• Supplied information
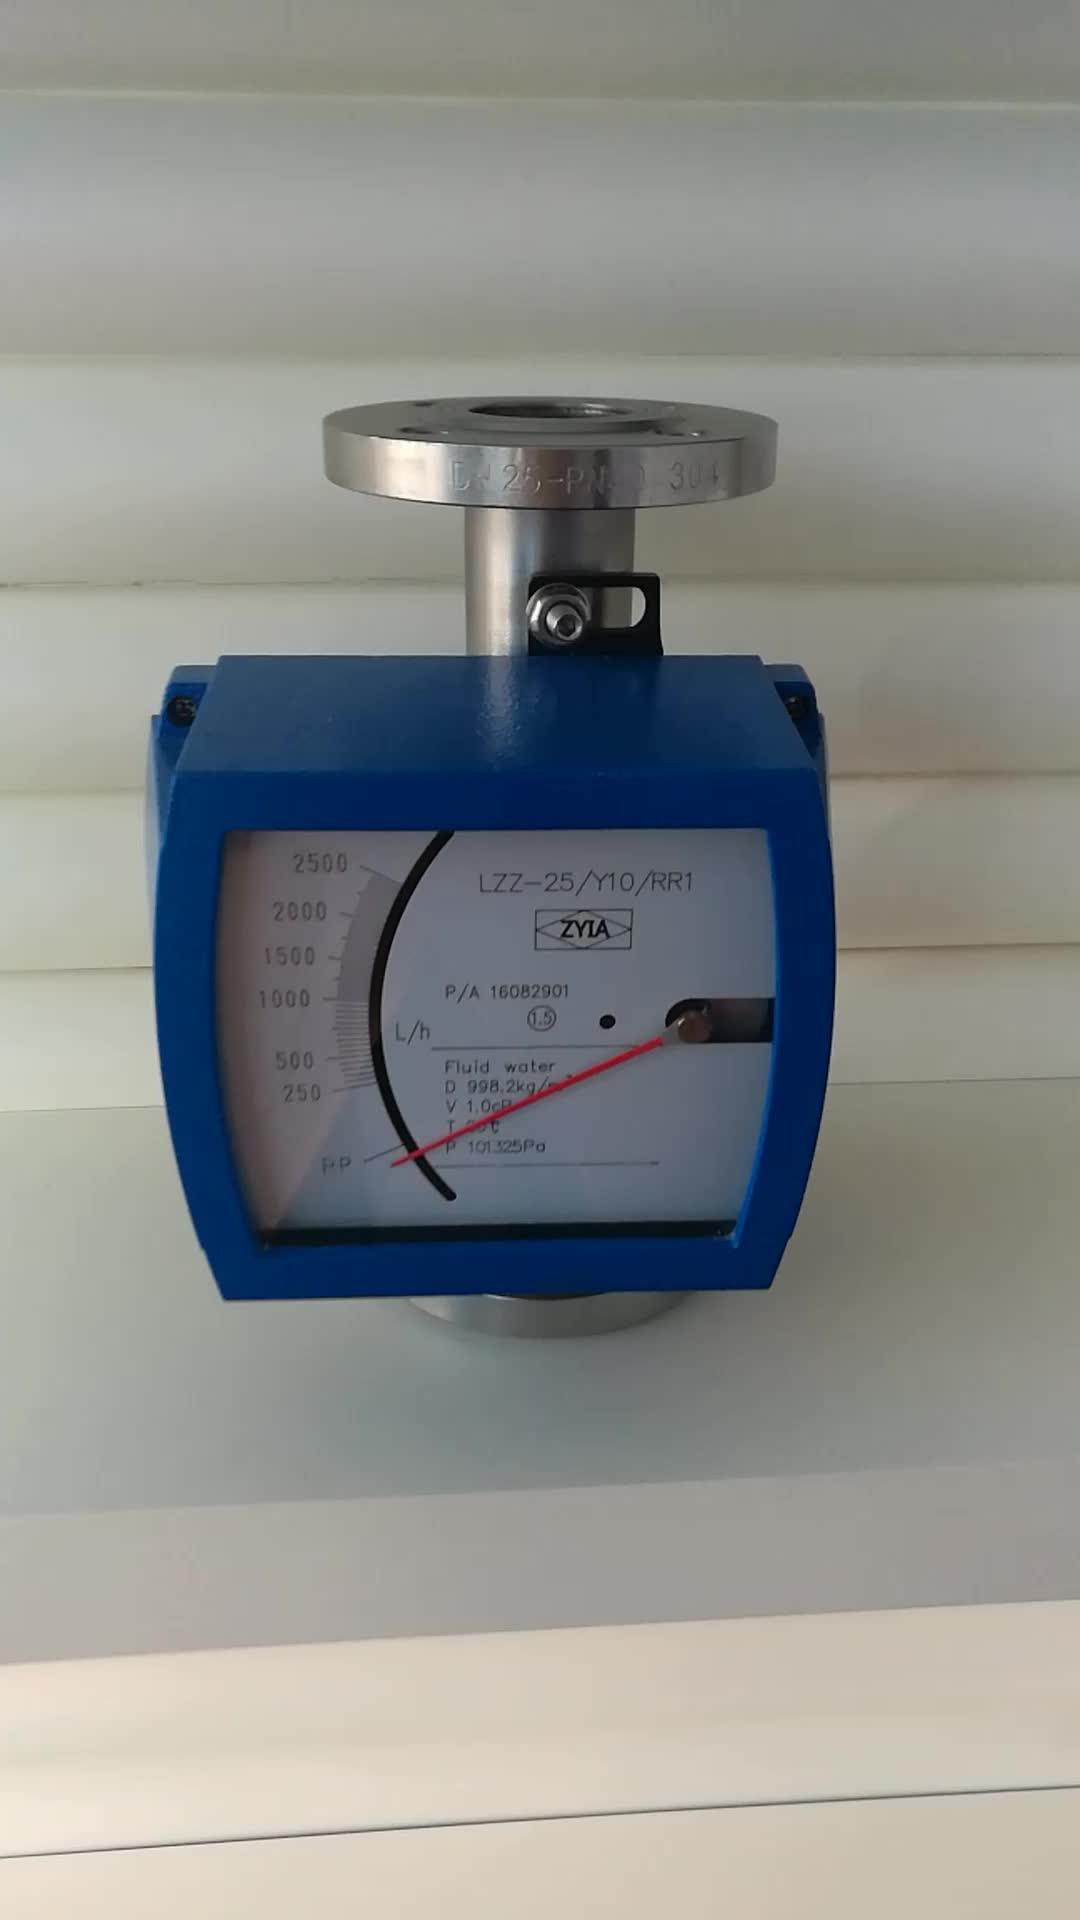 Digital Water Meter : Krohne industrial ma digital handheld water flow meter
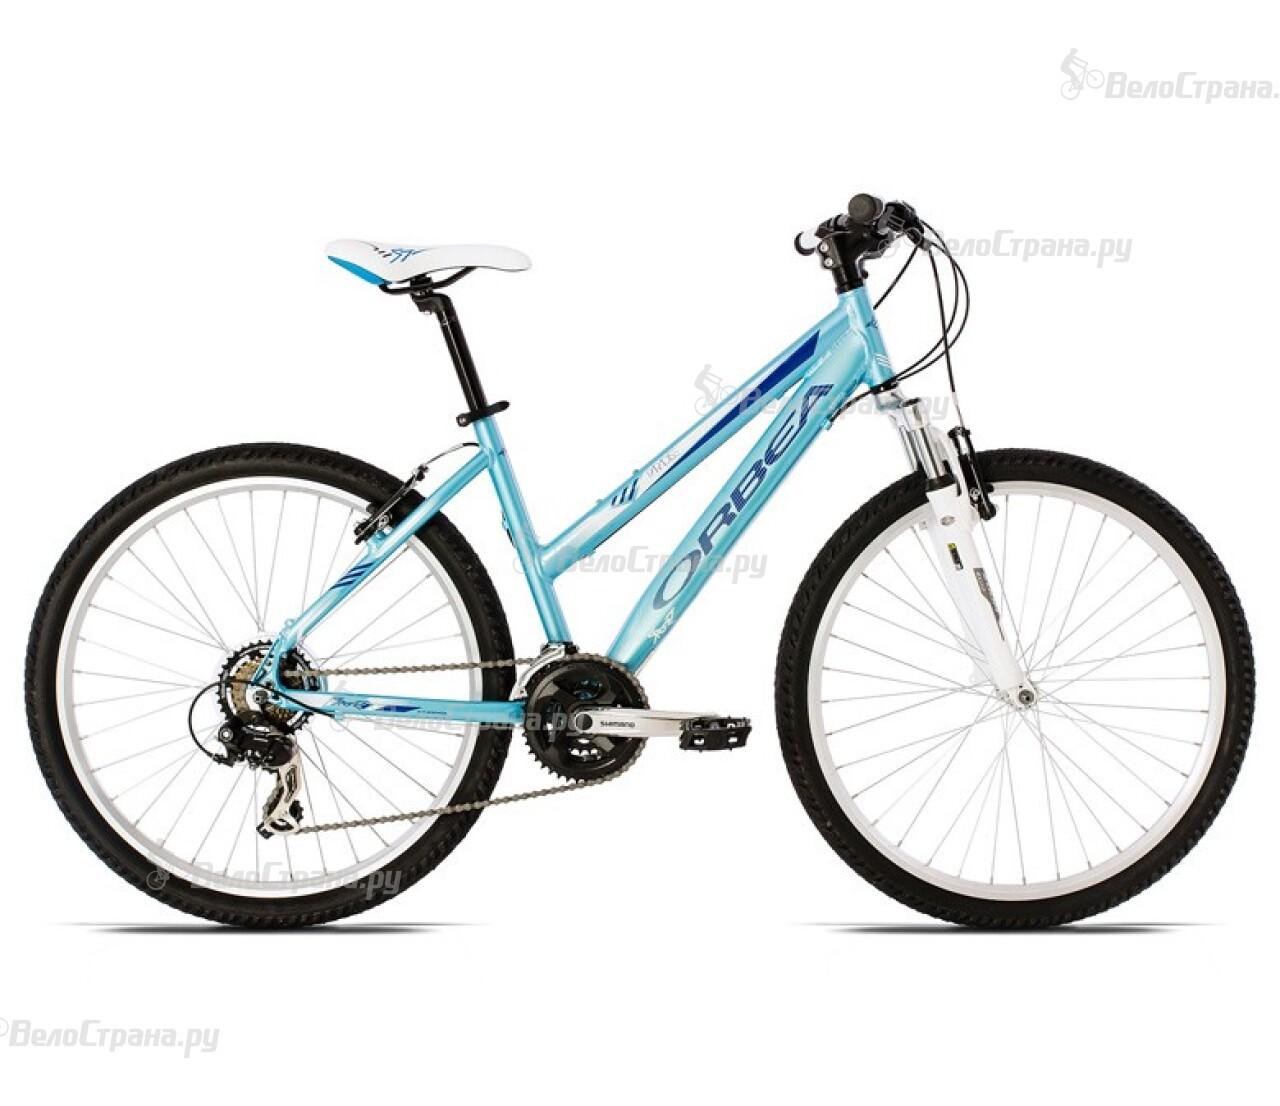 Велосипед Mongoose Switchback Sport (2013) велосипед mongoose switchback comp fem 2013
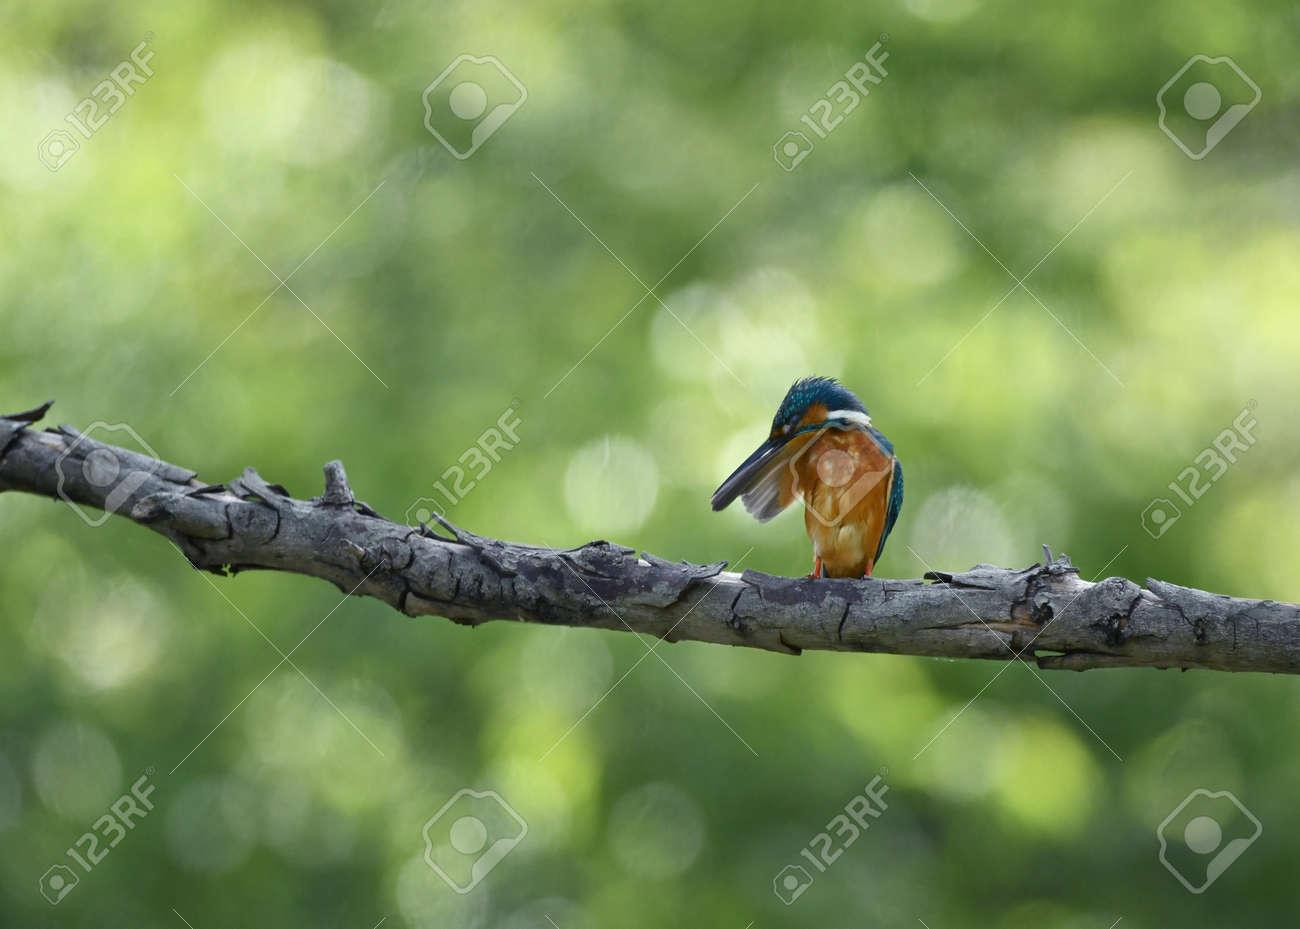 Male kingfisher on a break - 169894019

• Task instructions
Without any pictures, transcribe the listing above exactly as written.

• Response below
 Digital Water Meter : Krohne industrial ma digital handheld water flow meter
 Велосипед Mongoose Switchback Sport (2013) велосипед mongoose switchback comp fem 2013
 Male kingfisher on a break - 169894019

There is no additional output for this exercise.